Closed xesdiny closed 3 years ago
A lot of people seems to have the same problem with the discriminator not being trained properly. https://github.com/CompVis/taming-transformers/issues/73 Have you looked at the d_weight value on Tensorboard? If it is fluctuating at high values then it might be a problem. I suspect that if the disc_start parameter is higher, the reconstruction will settle first and the d_weight will be a sensible value. The authors suggest that you train 3-5 epochs without the discriminator in case of ImageNet, so that would mean that disc_start should be several millions? I guess that the discriminator should only be used when the VQVAE is starting to produce alright results. https://github.com/CompVis/taming-transformers/issues/31 The default value for disc_start is 10000 in custom_vqgan.yaml, which seems way too low. I had the same problem, so, I set disc_start to 50000 and disc_weight to 0.2 and I'm getting somewhat better results (Although I'm worried that disc_weight is a bit too low now?).
Emm Yeah!
I understand what you mean is that the discriminator is invalid before the generator reaches the nice benchmark, so the time when the discriminator enters the training phase should be delayed.
The d_weight
fraction is used as the weight coefficient of the discriminator to weight the total_loss
.
And It It calculates the 2-norm ratio after deriving the parameters of the last layer of the model based on rec_loss and g_loss.

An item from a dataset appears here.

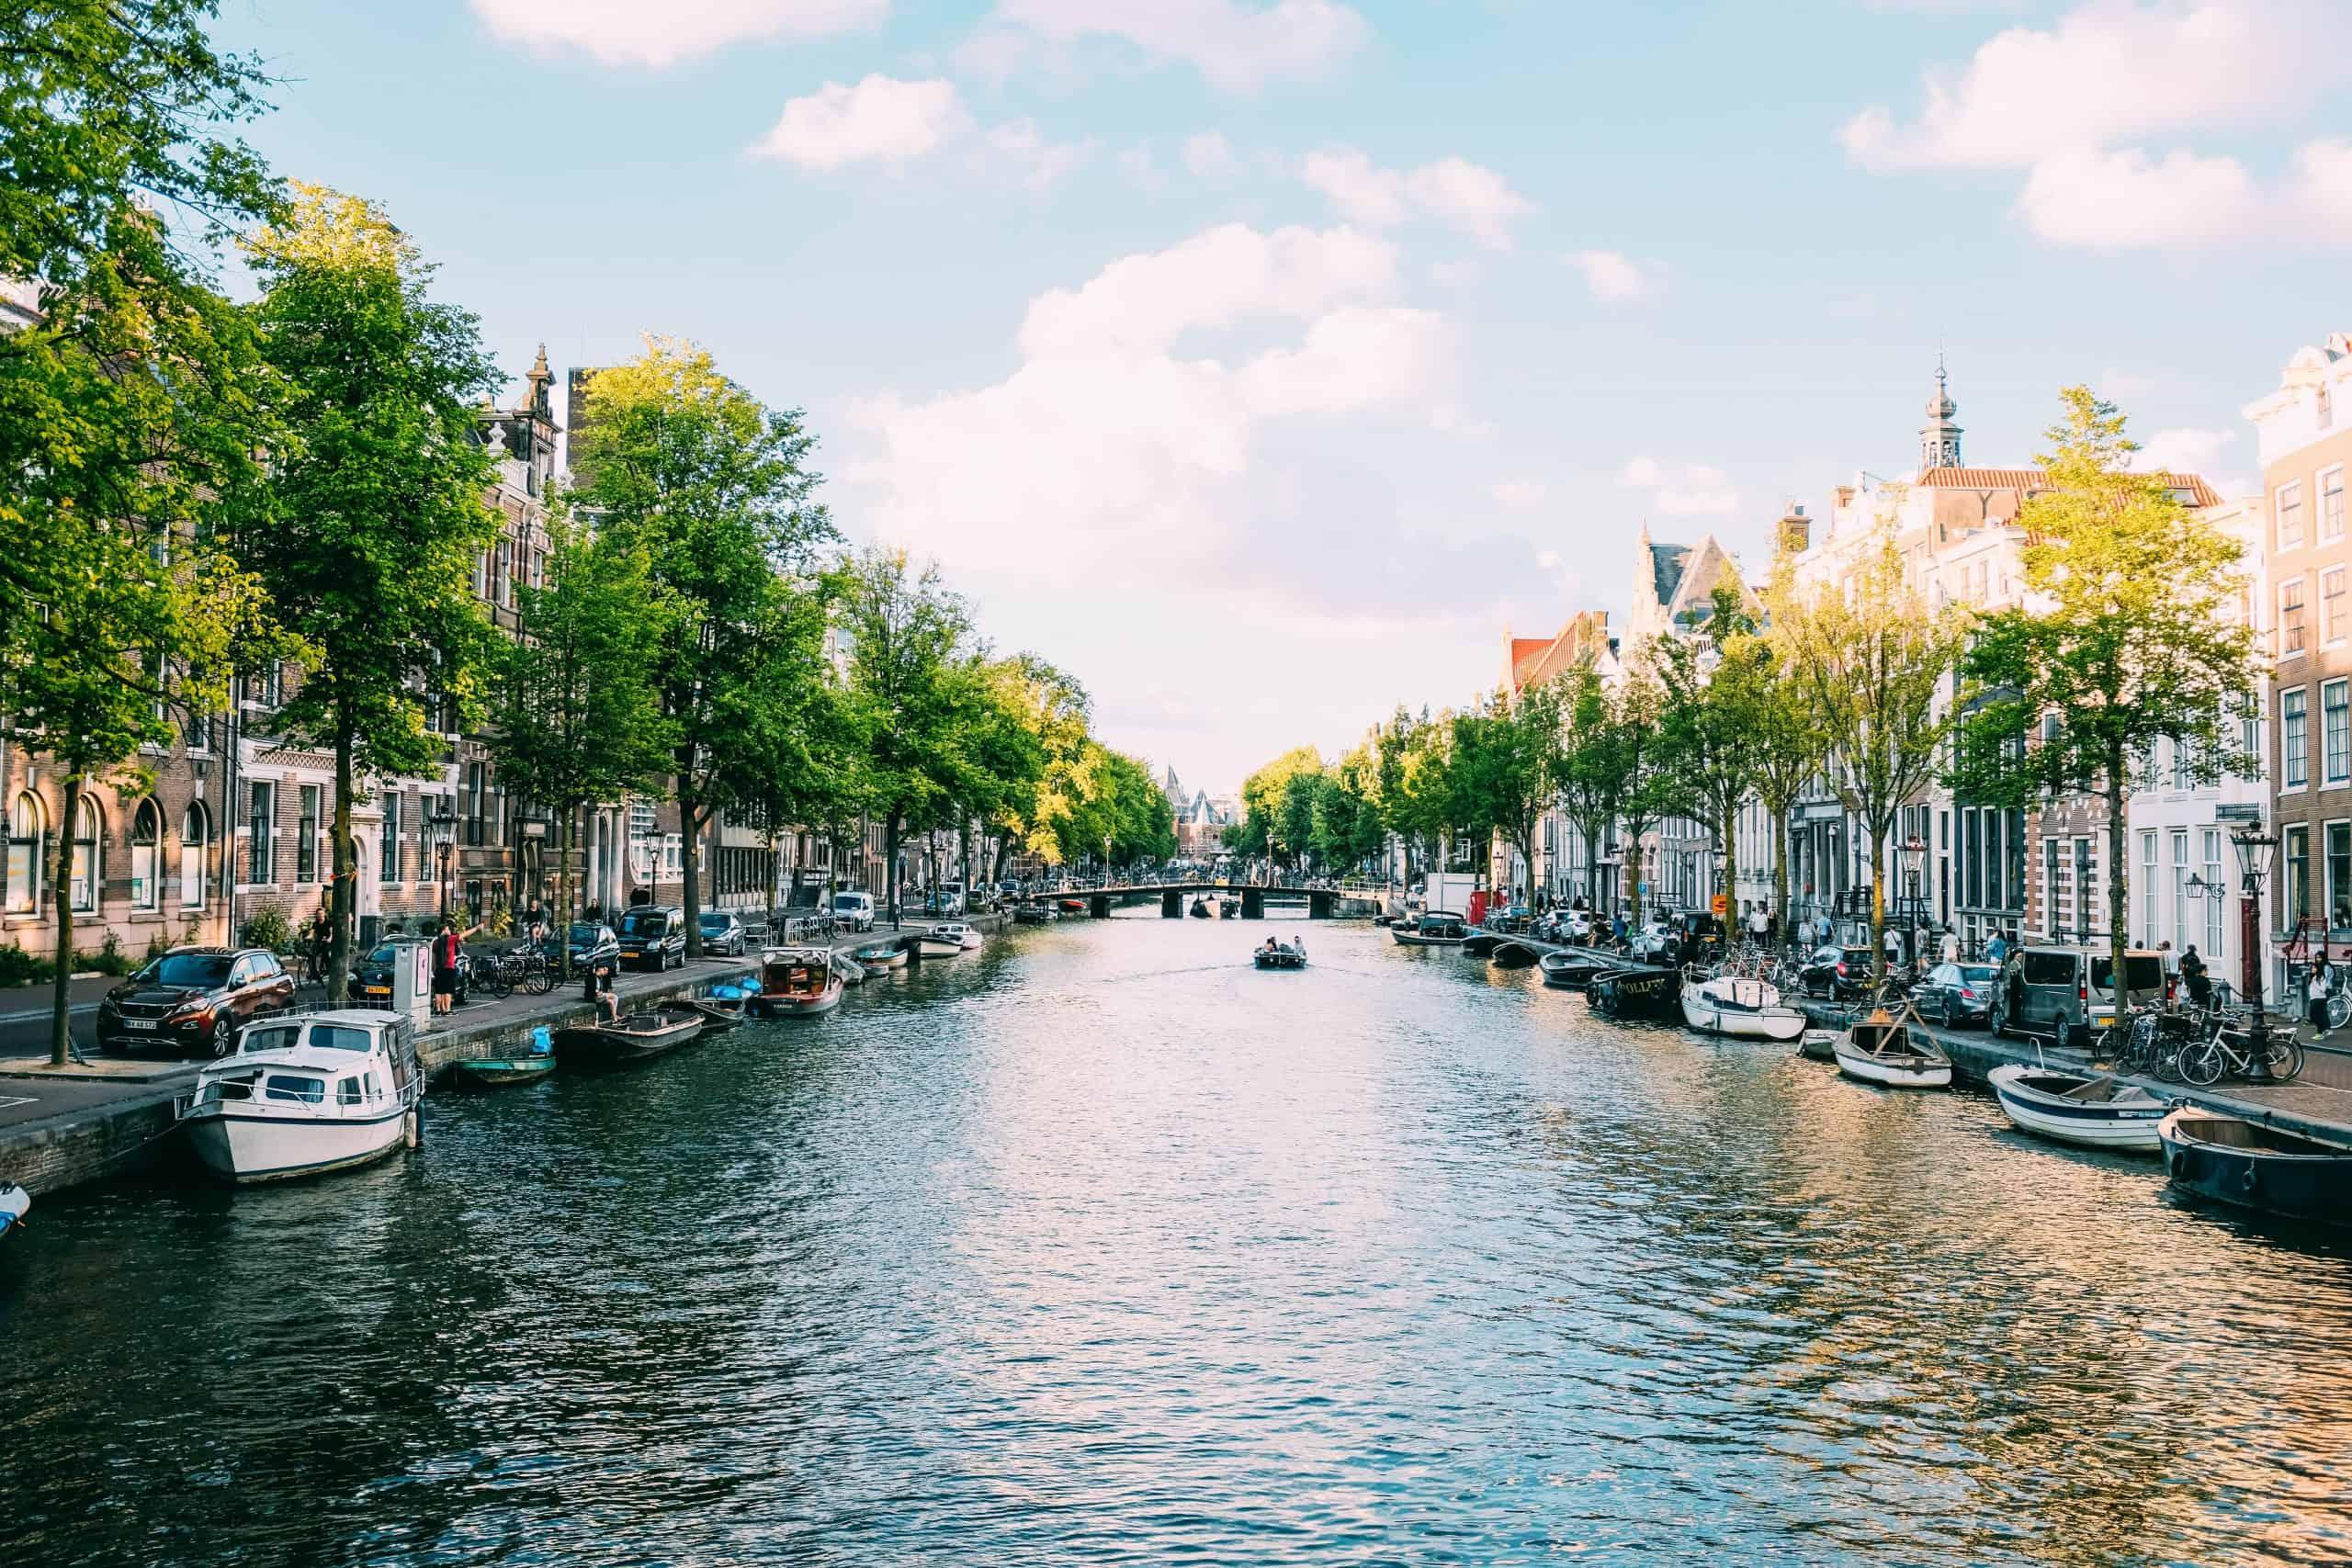 netherlands sim card for tourist, netherlands prepaid sim card, best sim card netherlands, netherlands tourist sim card, netherlands sim card, prepaid sim card netherlands, sim card netherlands, T-MOBILE NETHERLANDS, KPN NETHERLANDS

def calculate_adaptive_weight(self, nll_loss, g_loss, last_layer=None):
if last_layer is not None:
nll_grads = torch.autograd.grad(nll_loss, last_layer, retain_graph=True)[0]
g_grads = torch.autograd.grad(g_loss, last_layer, retain_graph=True)[0]
else:
nll_grads = torch.autograd.grad(nll_loss, self.last_layer[0], retain_graph=True)[0]
g_grads = torch.autograd.grad(g_loss, self.last_layer[0], retain_graph=True)[0]
d_weight = torch.norm(nll_grads) / (torch.norm(g_grads) + 1e-4)
d_weight = torch.clamp(d_weight, 0.0, 1e4).detach()
d_weight = d_weight * self.discriminator_weight
return d_weight
The d_weight_step
value in yours tensorboard approaching zeros.
And I think this value should be stable at about 1 to guide the generation of the generator.(But in fact, when the value was floating around 1, disc_loss was not decreased.)Maybe I did't understand the meaning behind d_weight
correctly.
Emm .. I will adopt your suggestions on this pipeline.
Thx~
A lot of people seems to have the same problem with the discriminator not being trained properly.
73
Have you looked at the d_weight value on Tensorboard? If it is fluctuating at high values then it might be a problem. I suspect that if the disc_start parameter is higher, the reconstruction will settle first and the d_weight will be a sensible value. The authors suggest that you train 3-5 epochs without the discriminator in case of ImageNet, so that would mean that disc_start should be several millions? I guess that the discriminator should only be used when the VQVAE is starting to produce alright results.
31
The default value for disc_start is 10000 in custom_vqgan.yaml, which seems way too low. I had the same problem, so, I set disc_start to 50000 and disc_weight to 0.2 and I'm getting somewhat better results (Although I'm worried that disc_weight is a bit too low now?).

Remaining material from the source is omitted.